**What to work on**
Restate the listing below word for word; no picture is to be carried over.

**Data**
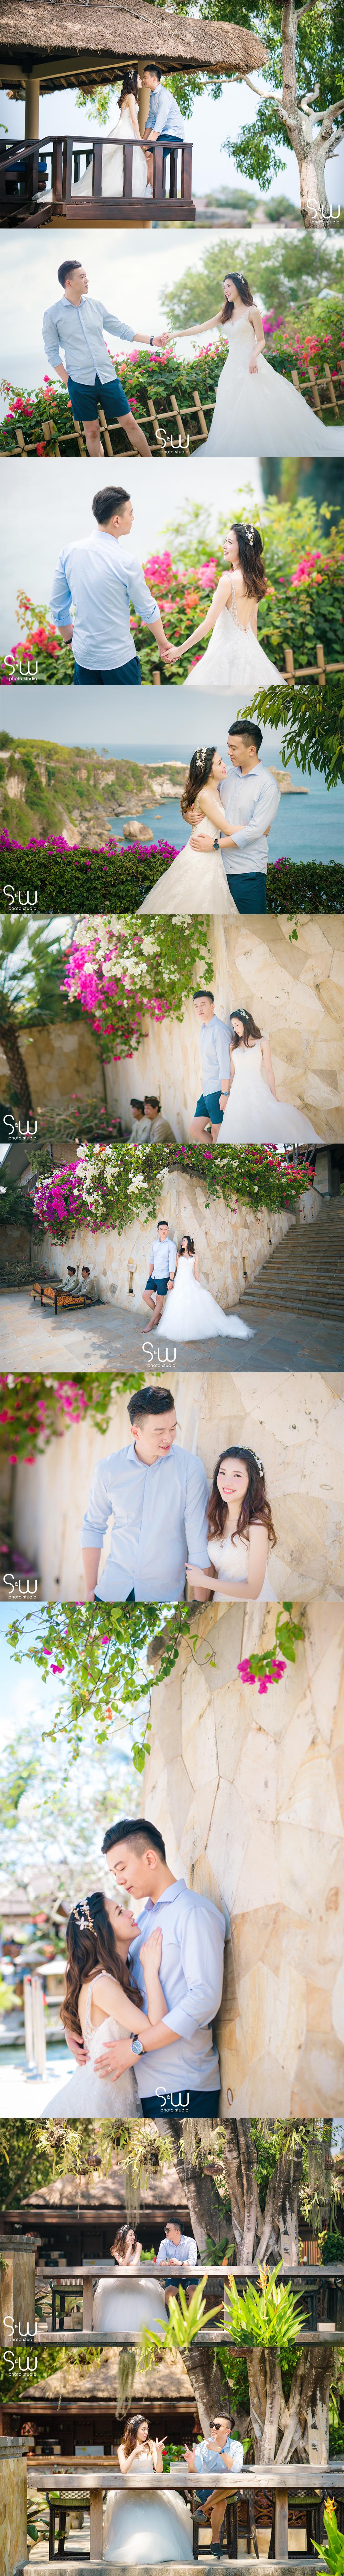 PRE WEDDING | Ayana . BALI (峇里島婚紗) | sw photo studio 婚禮, 婚攝, 婚紗, 海外婚禮, 海外婚紗, 海島婚禮,峇里島婚禮, 峇里島婚紗, 台灣婚禮, 婚攝推薦
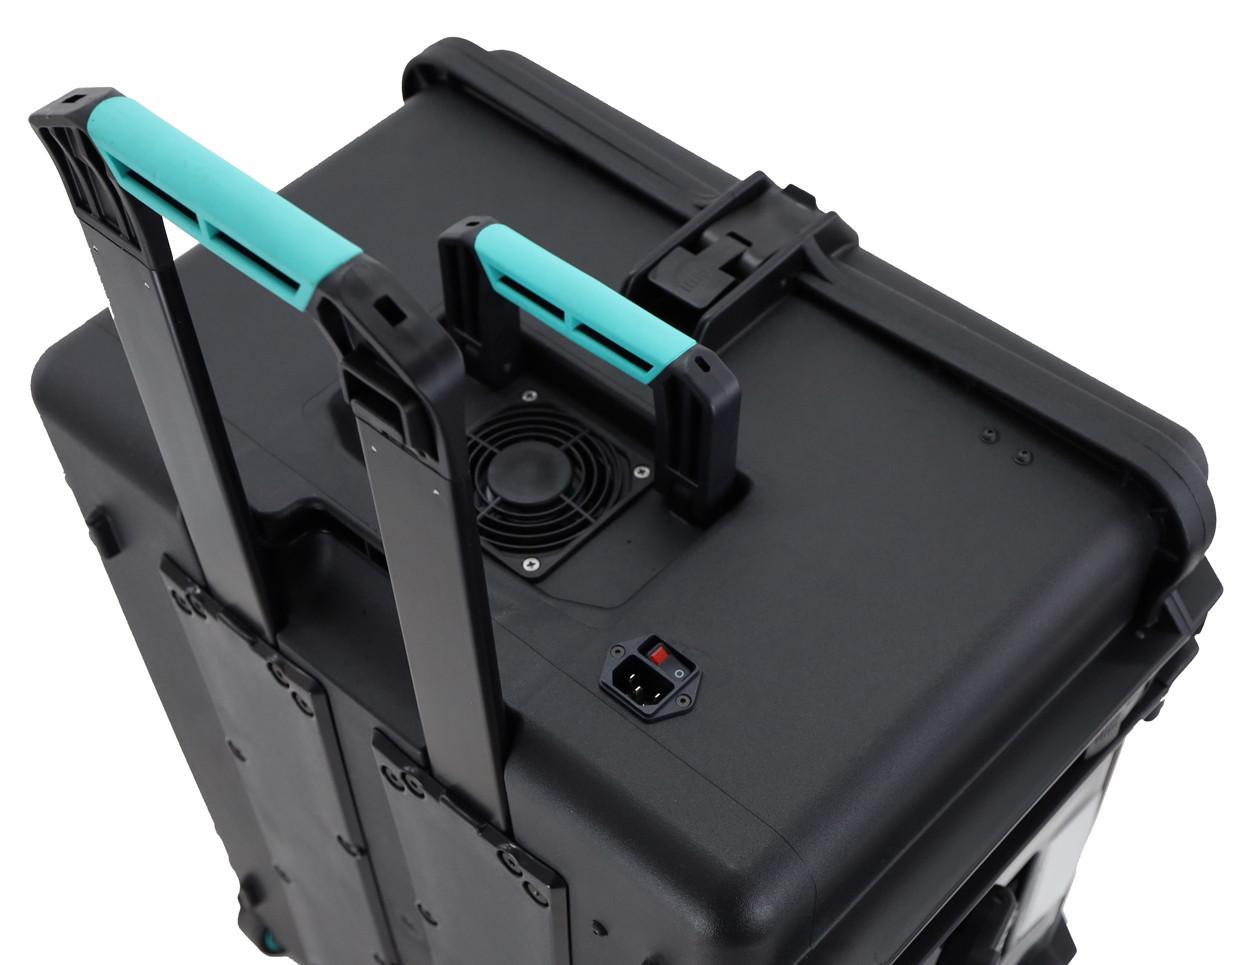 Tabletkoffer_TransformerCase-T16MC-3.jpg
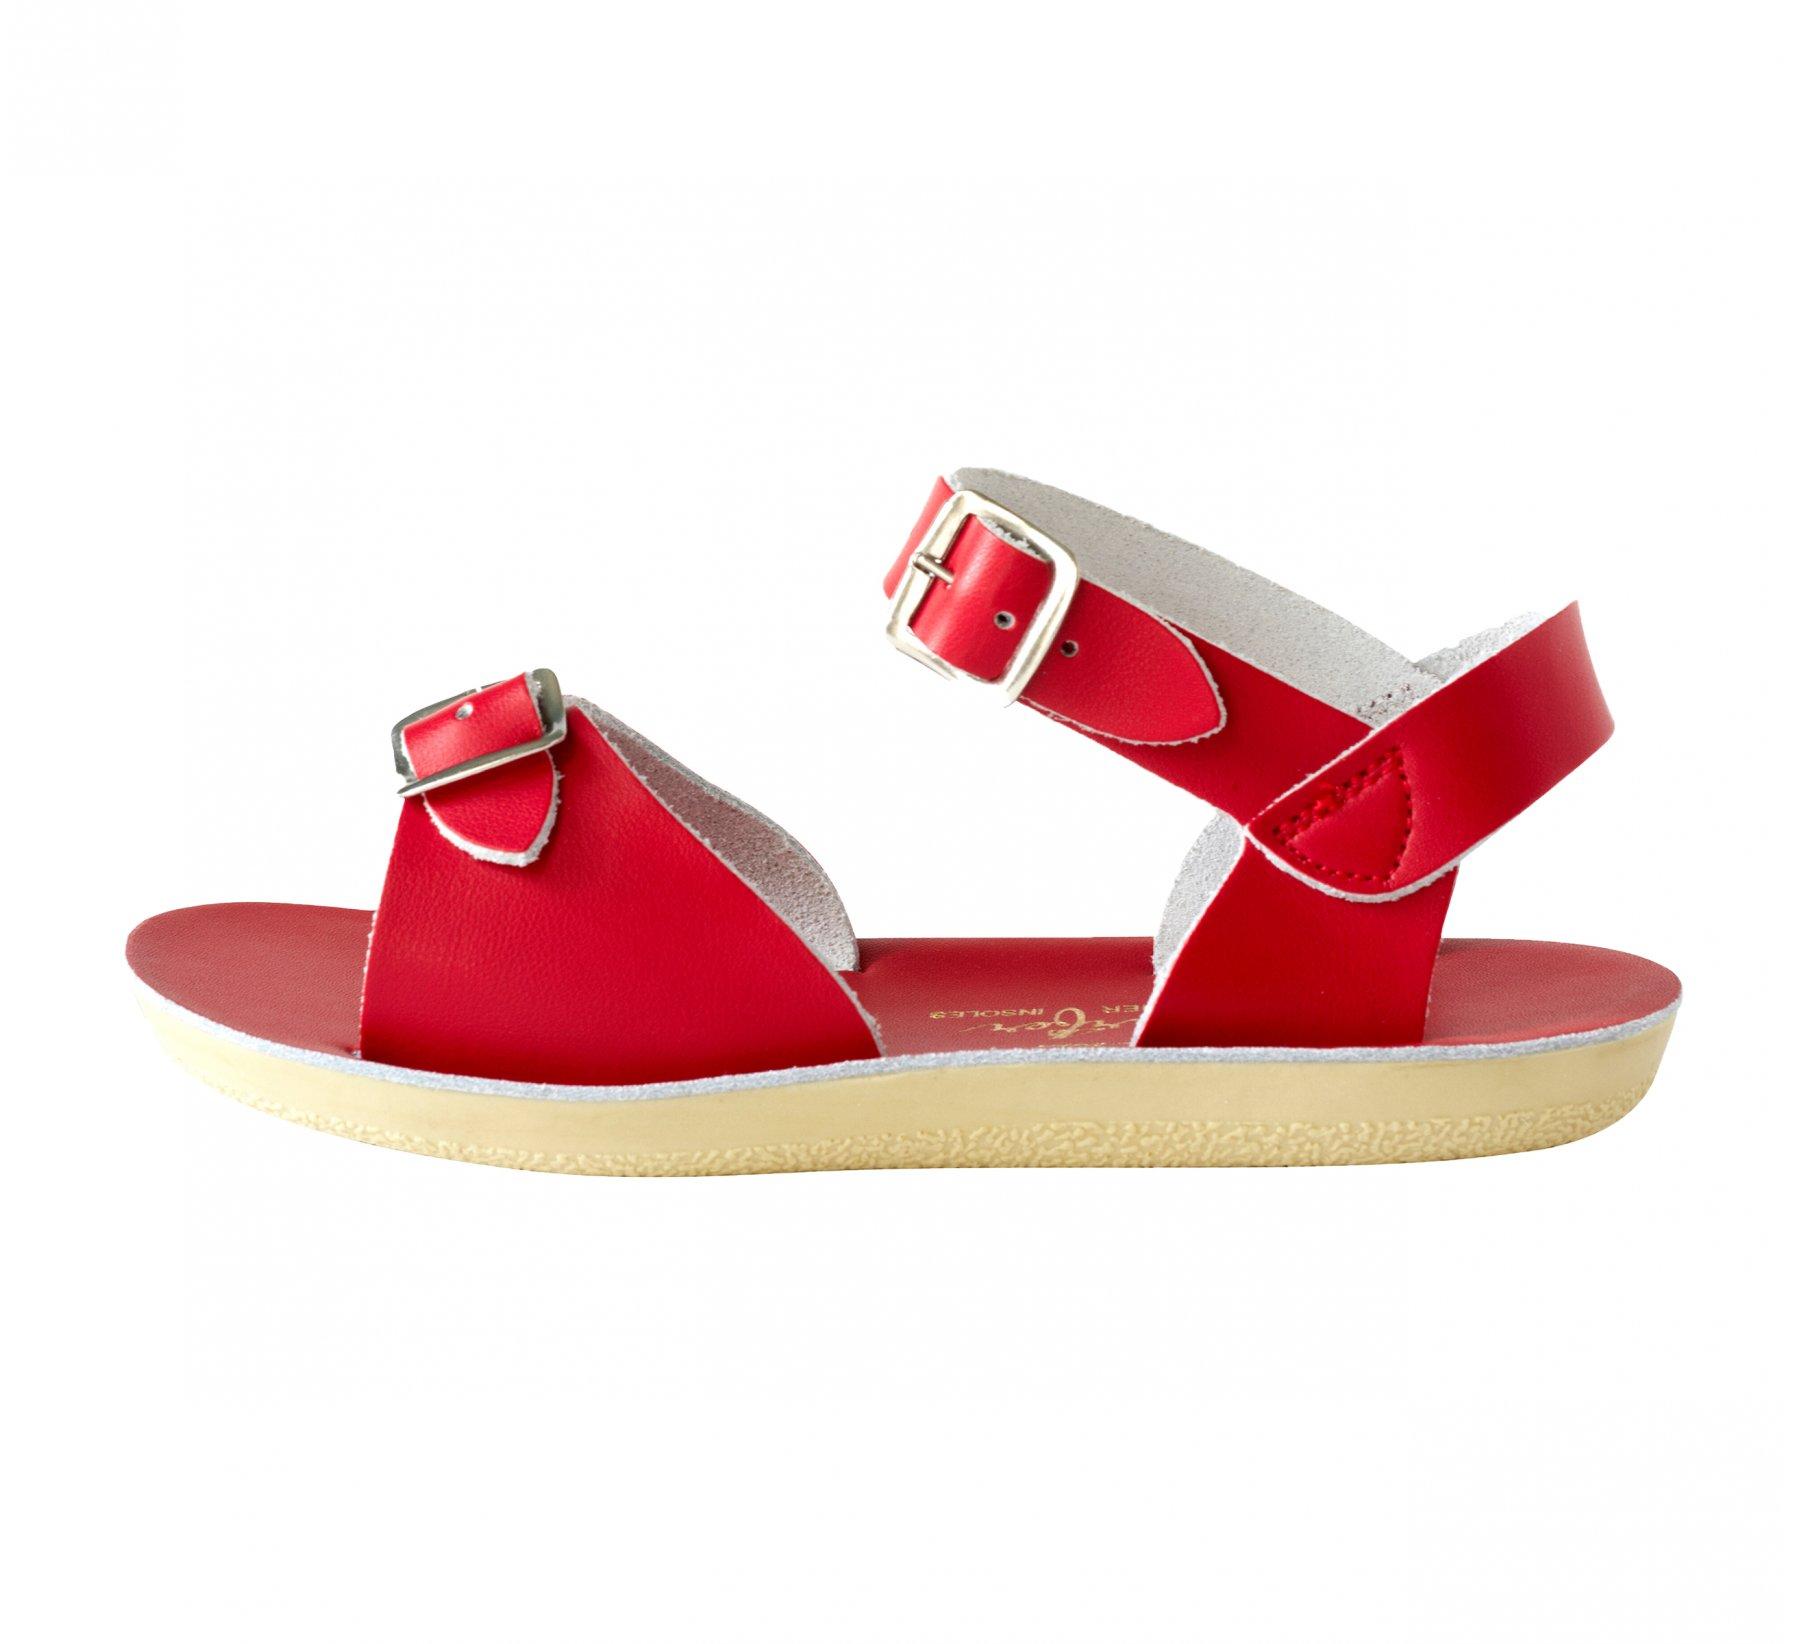 Surfer Red - Salt Water Sandals

**Written solution**
 PRE WEDDING | Ayana . BALI (峇里島婚紗) | sw photo studio 婚禮, 婚攝, 婚紗, 海外婚禮, 海外婚紗, 海島婚禮,峇里島婚禮, 峇里島婚紗, 台灣婚禮, 婚攝推薦
 Tabletkoffer_TransformerCase-T16MC-3.jpg
 Surfer Red - Salt Water Sandals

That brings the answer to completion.